DATA EXCERPTS ->
--

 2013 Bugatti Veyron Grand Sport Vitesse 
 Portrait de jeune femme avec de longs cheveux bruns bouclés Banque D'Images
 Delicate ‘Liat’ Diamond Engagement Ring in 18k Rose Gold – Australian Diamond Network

--

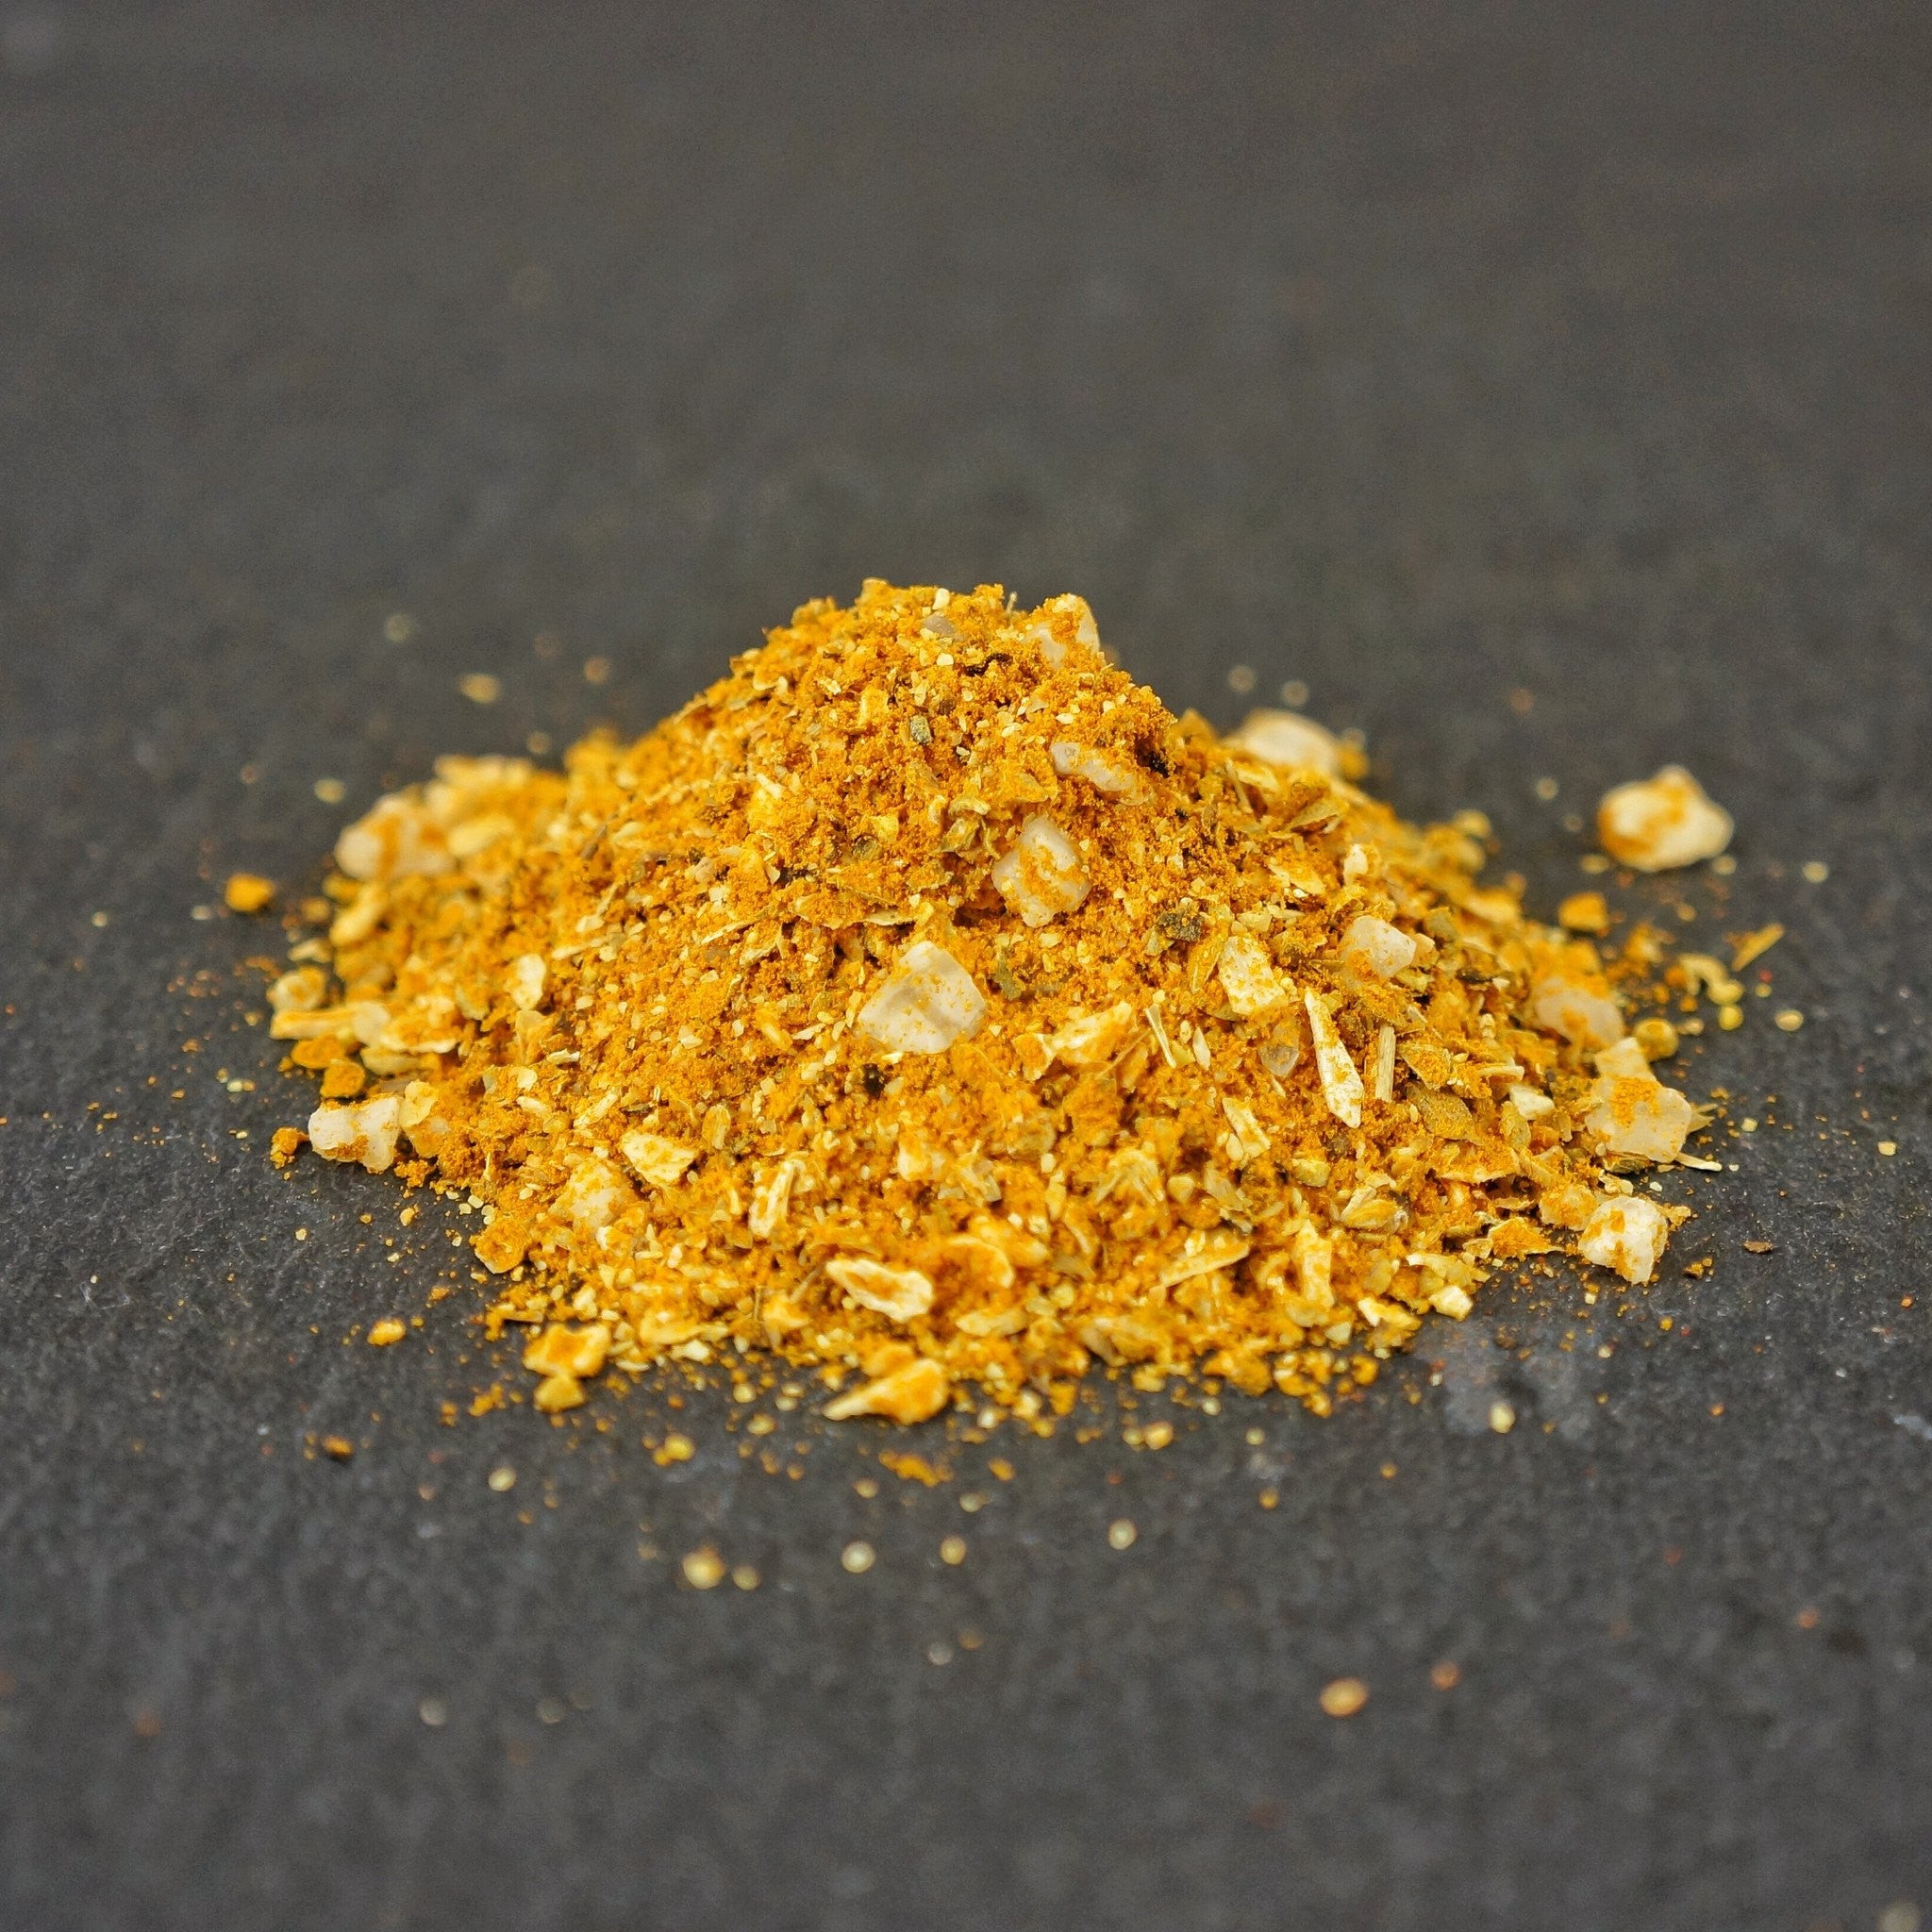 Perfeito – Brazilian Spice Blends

--

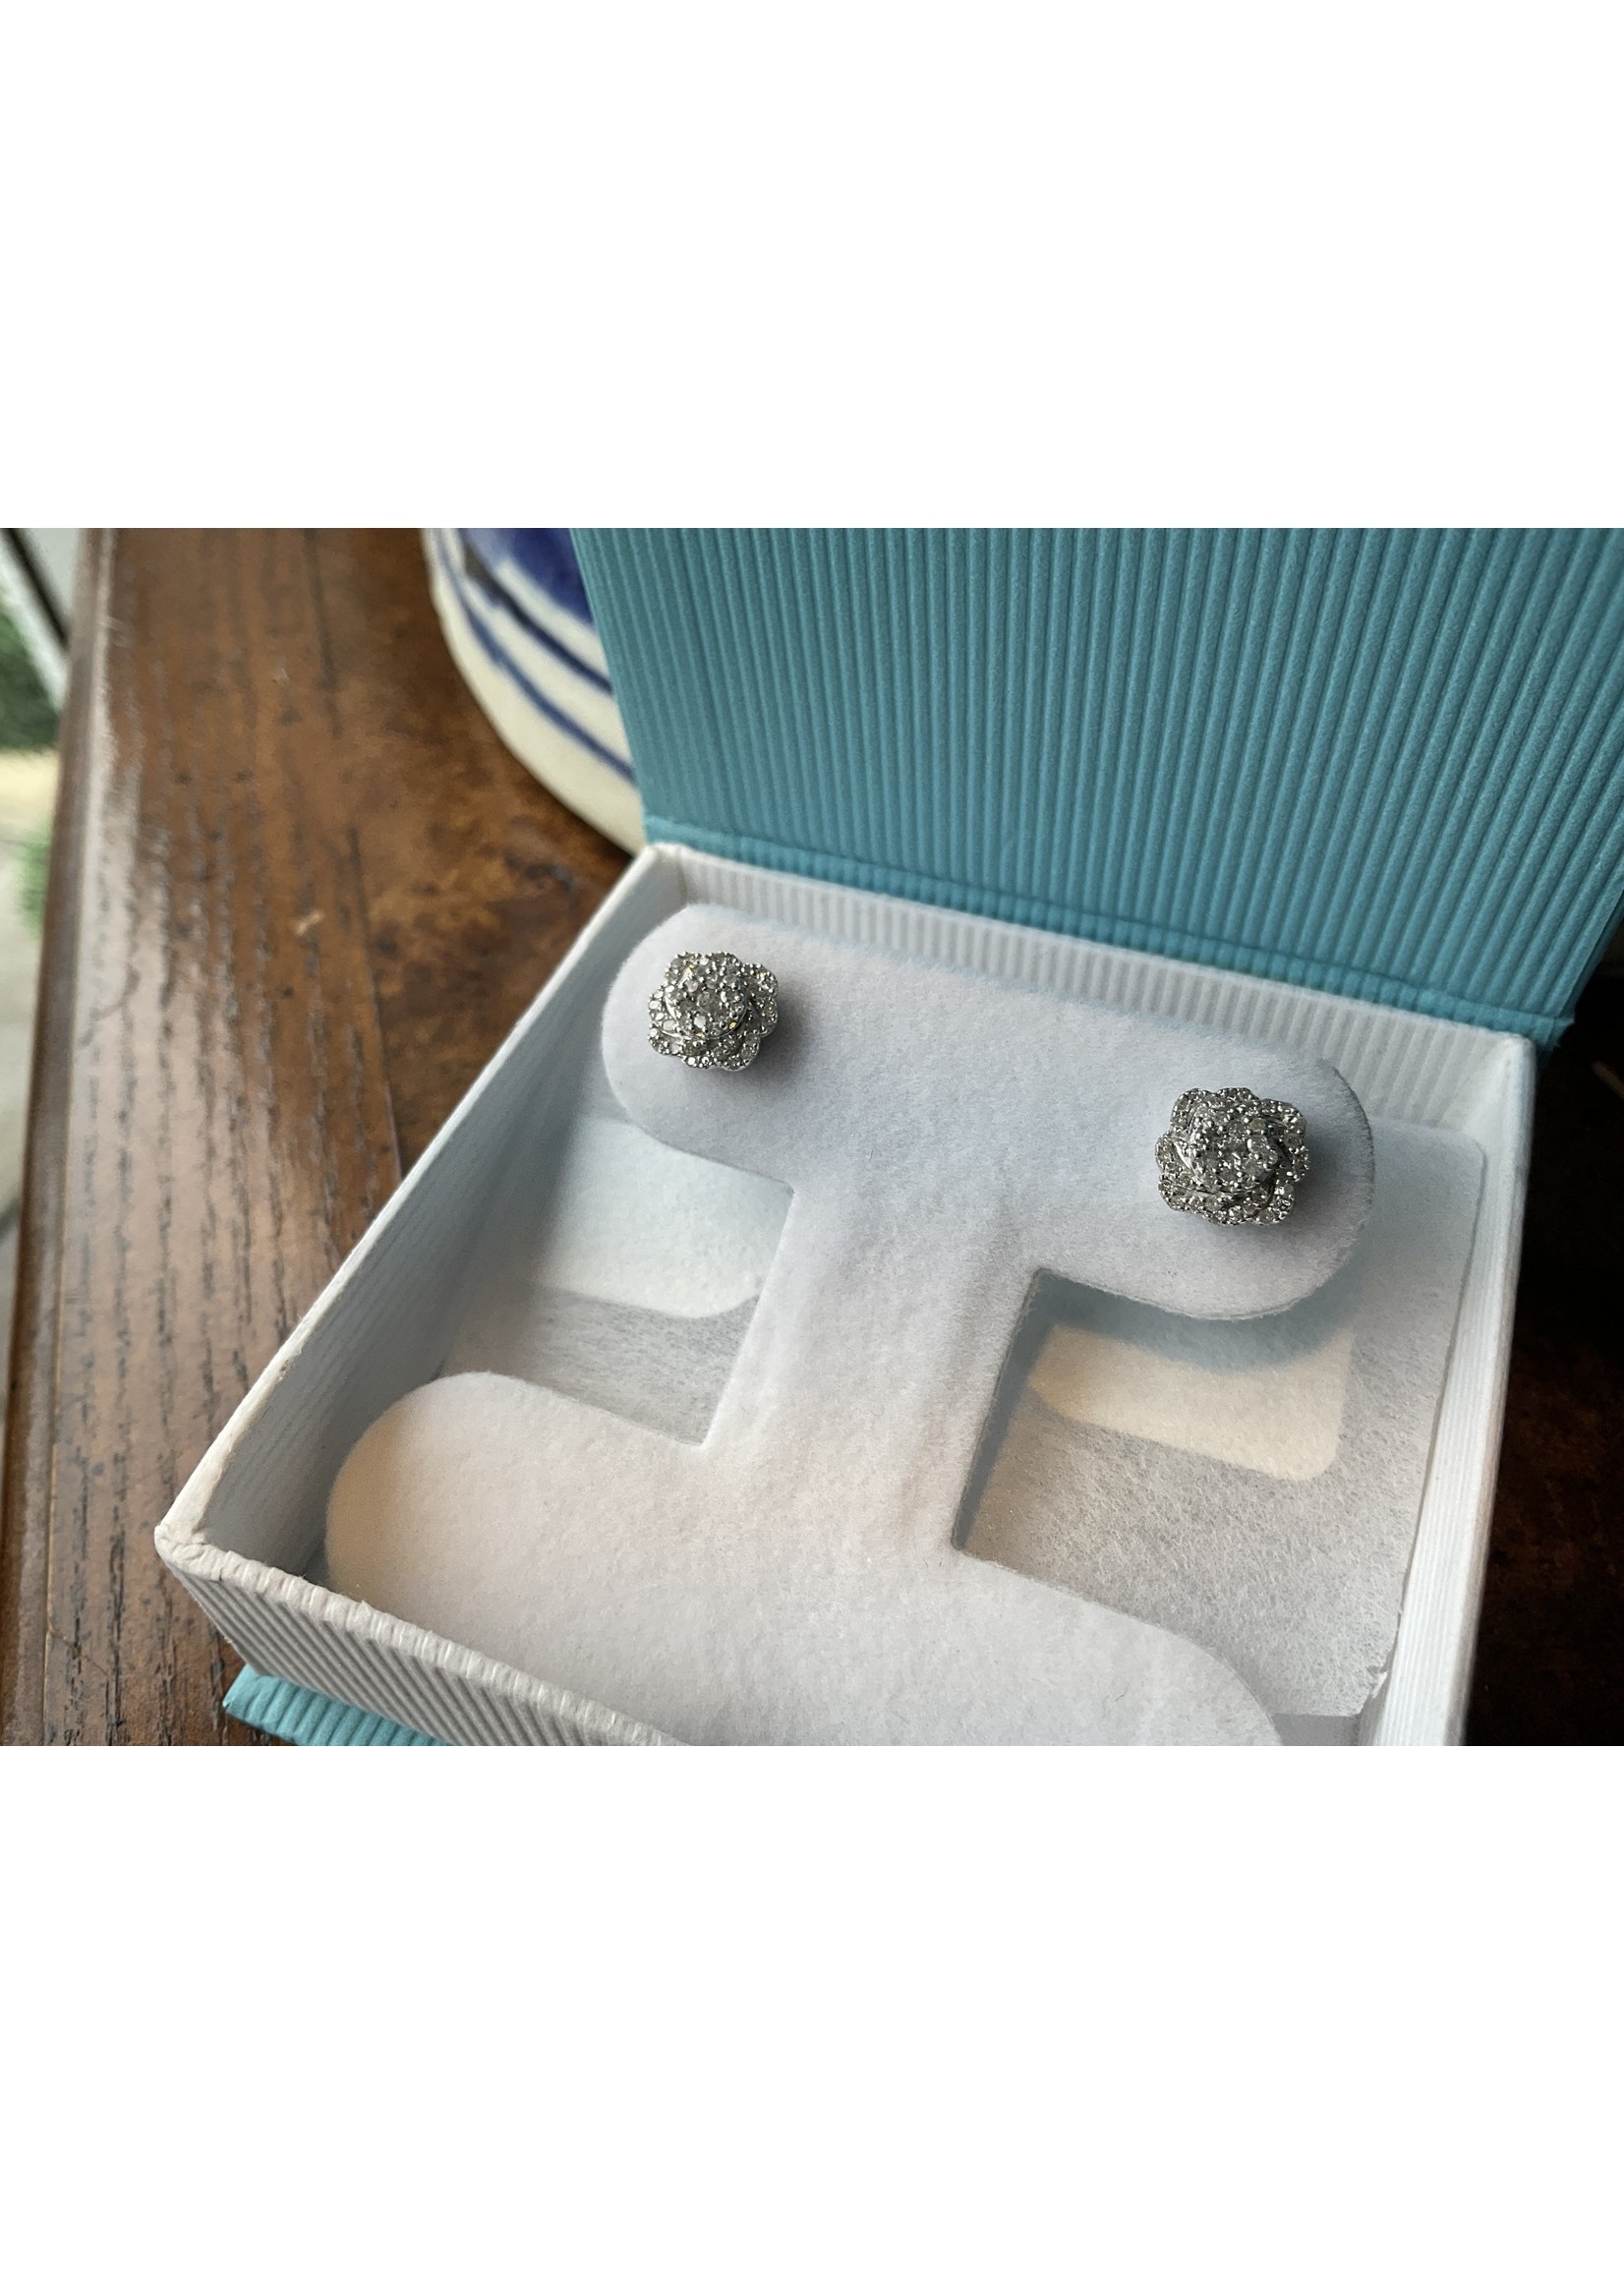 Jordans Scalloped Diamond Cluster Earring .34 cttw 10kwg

--

WHAT YOU NEED TO DO ->
From the listing above, return the lines starting at the one with "2013 Bugatti Veyron Grand Sport Vitesse" and ending at the one with "Delicate ‘Liat’ Diamond", both kept, exactly as they appear and nothing more.

SOLVED EXERCISE ->
 2013 Bugatti Veyron Grand Sport Vitesse 
 Portrait de jeune femme avec de longs cheveux bruns bouclés Banque D'Images
 Delicate ‘Liat’ Diamond Engagement Ring in 18k Rose Gold – Australian Diamond Network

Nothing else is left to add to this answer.